→ **Task brief**: Return the full listing unchanged, excluding any images it contains.

→ **Stored data**:

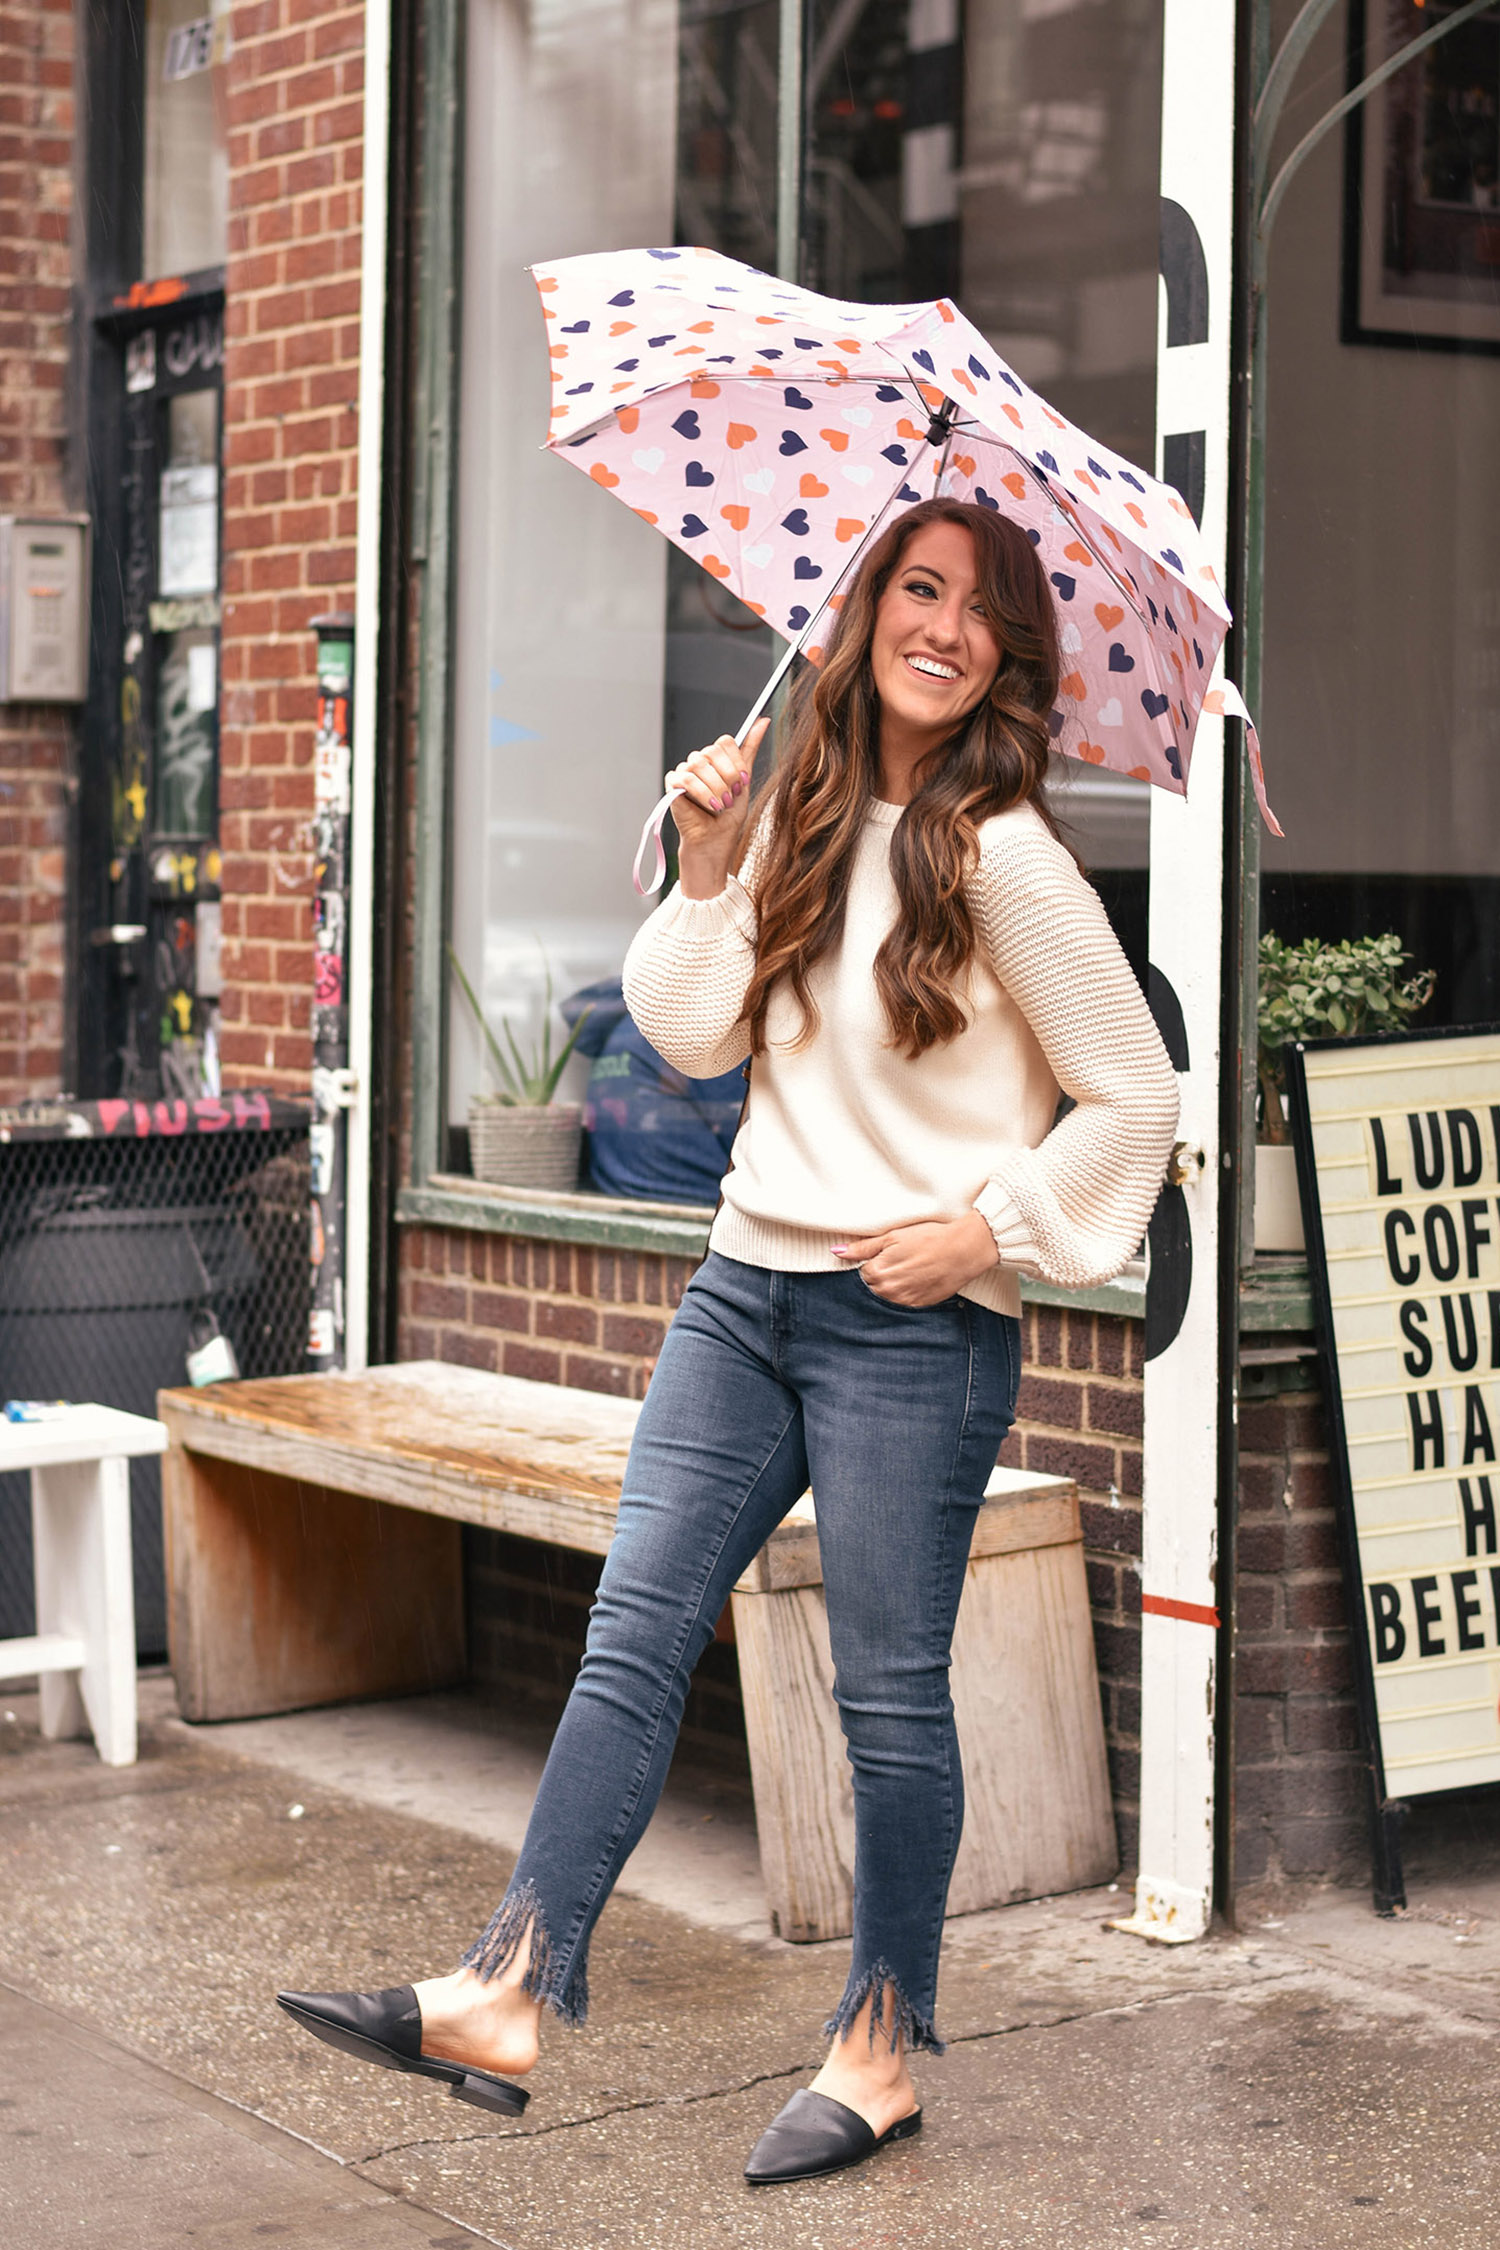 Lily & Sparrow Boutique sweater  //  denim  // Target mules [ similar  /  heeled version  /  loafer version ] //  umbrella
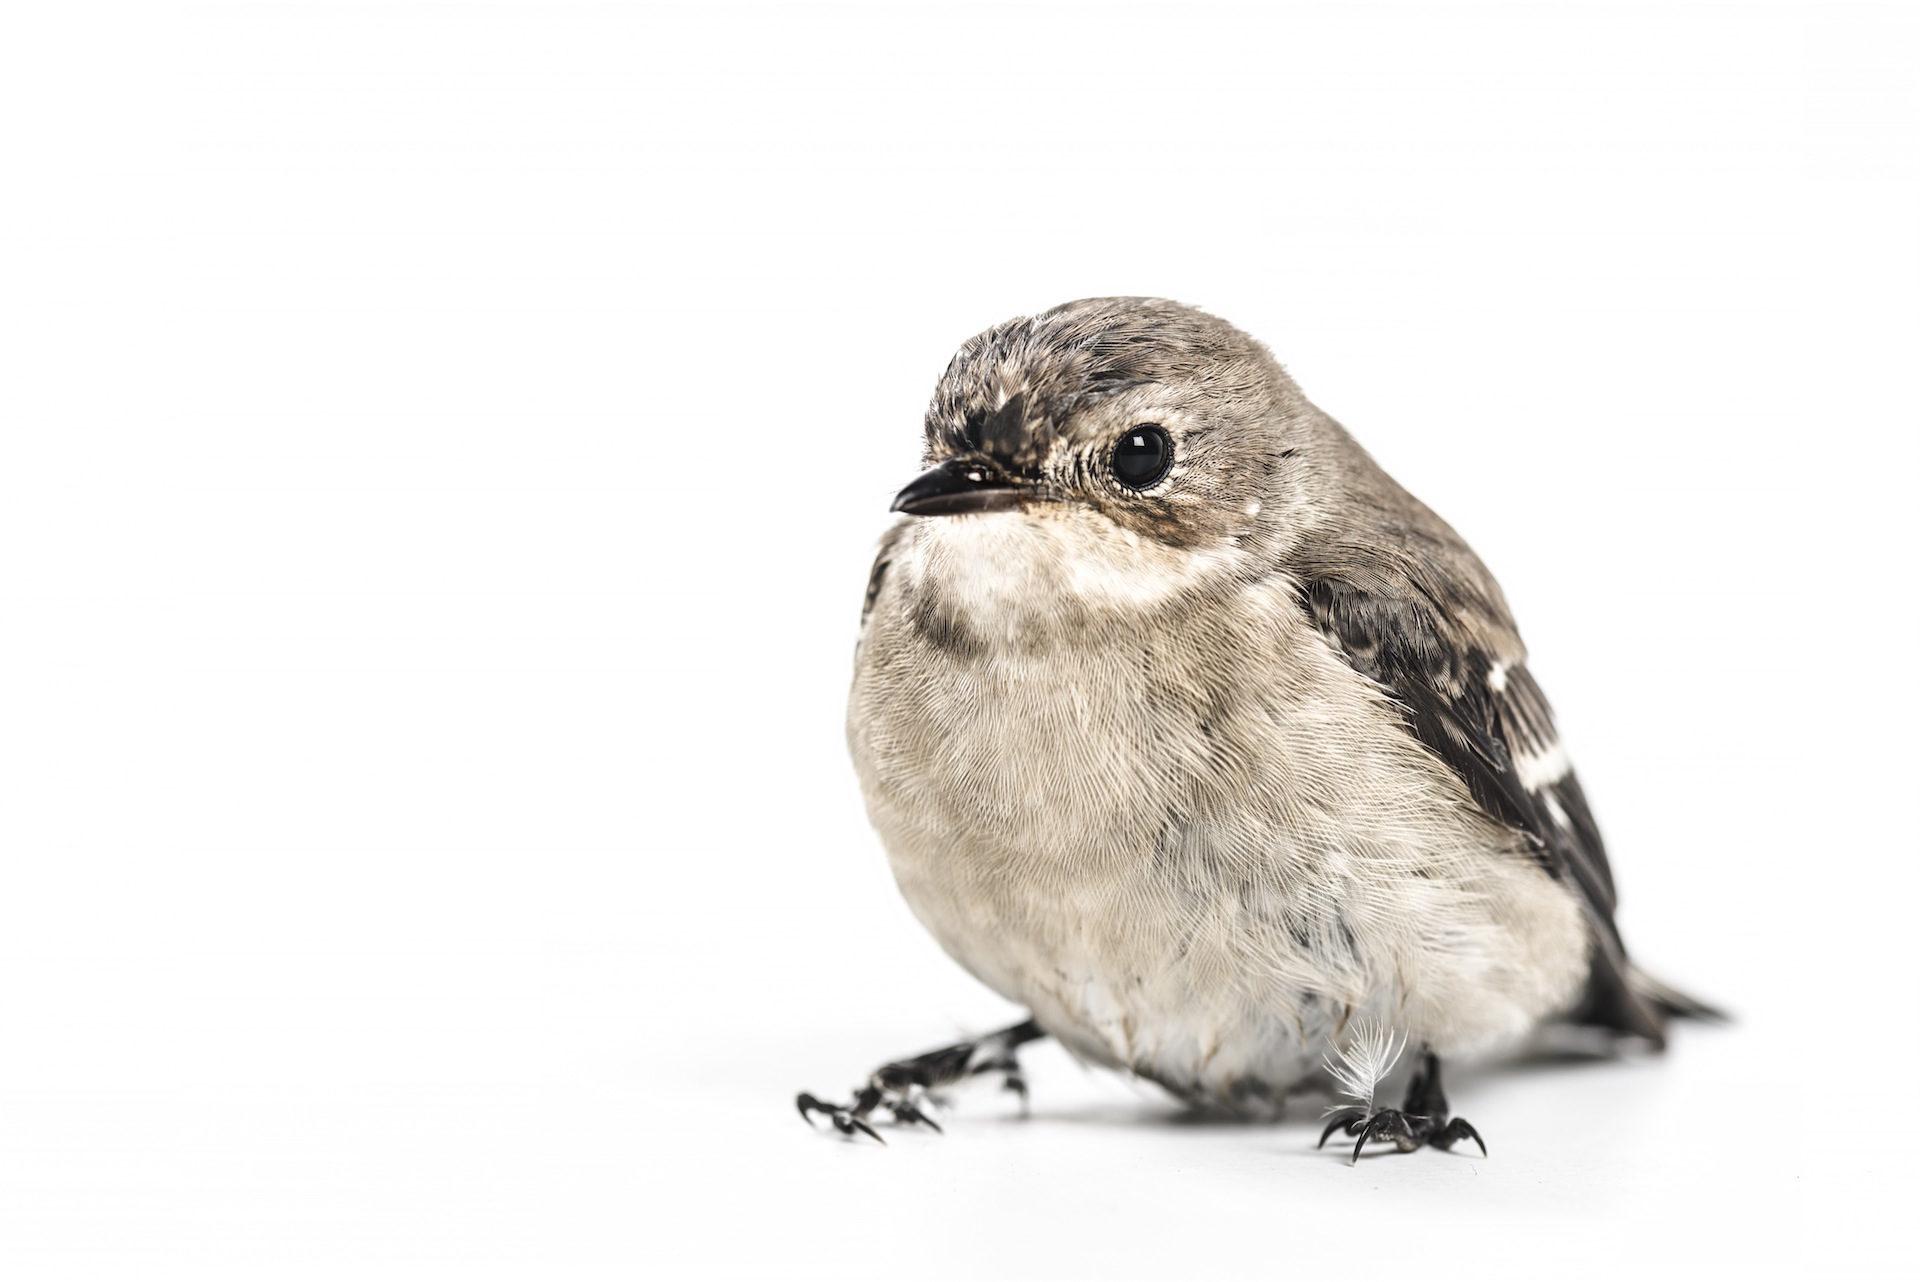 gorrión, 鳥, 外観, 目, 羽 - HD の壁紙 - 教授-falken.com
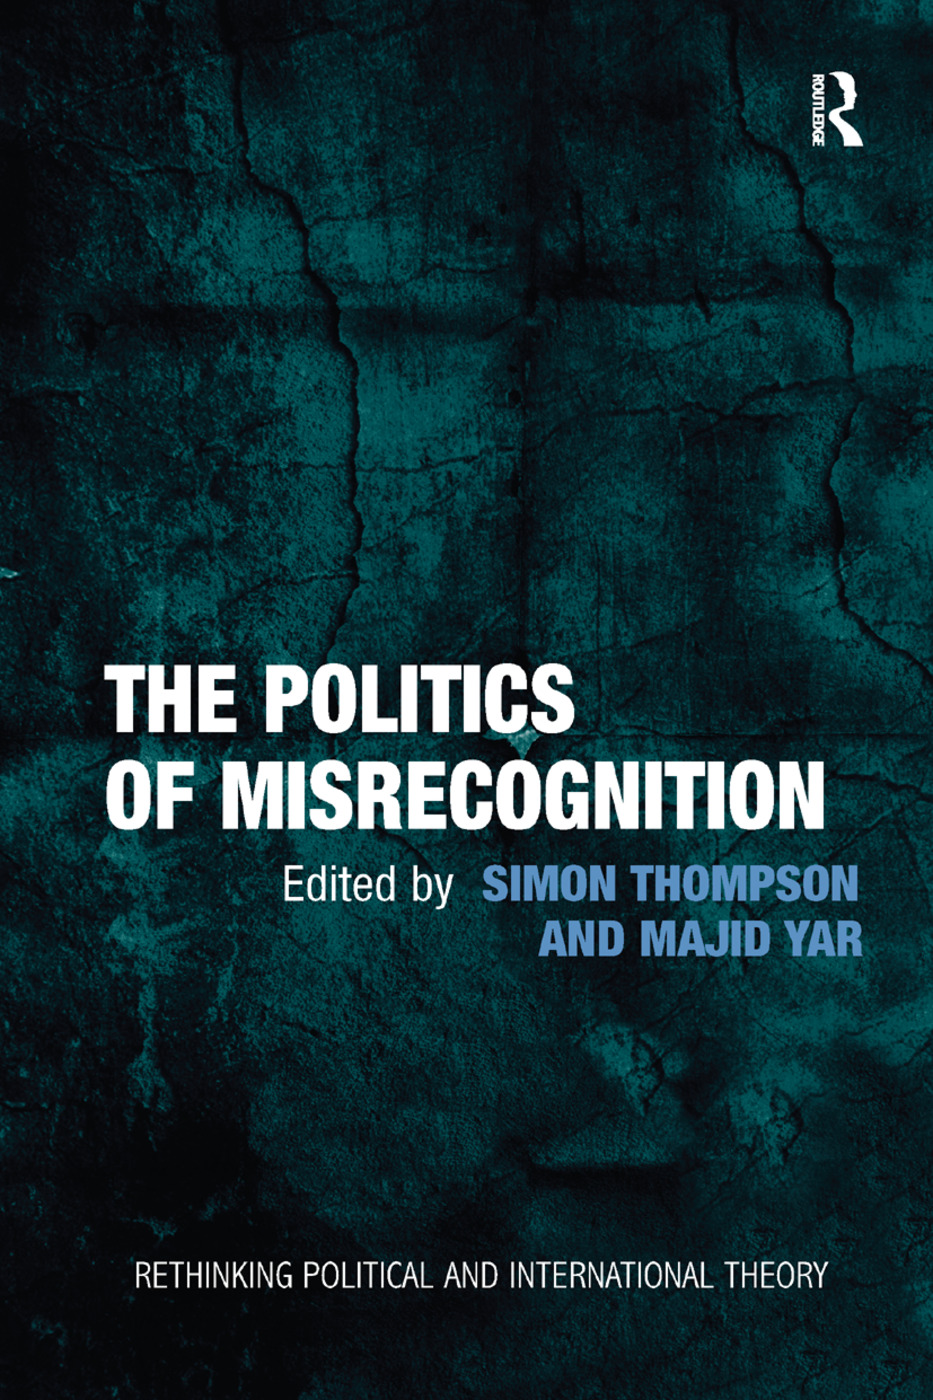 The Politics of Misrecognition book cover

→ **Answer box**:
 Lily & Sparrow Boutique sweater  //  denim  // Target mules [ similar  /  heeled version  /  loafer version ] //  umbrella
 gorrión, 鳥, 外観, 目, 羽 - HD の壁紙 - 教授-falken.com
 The Politics of Misrecognition book cover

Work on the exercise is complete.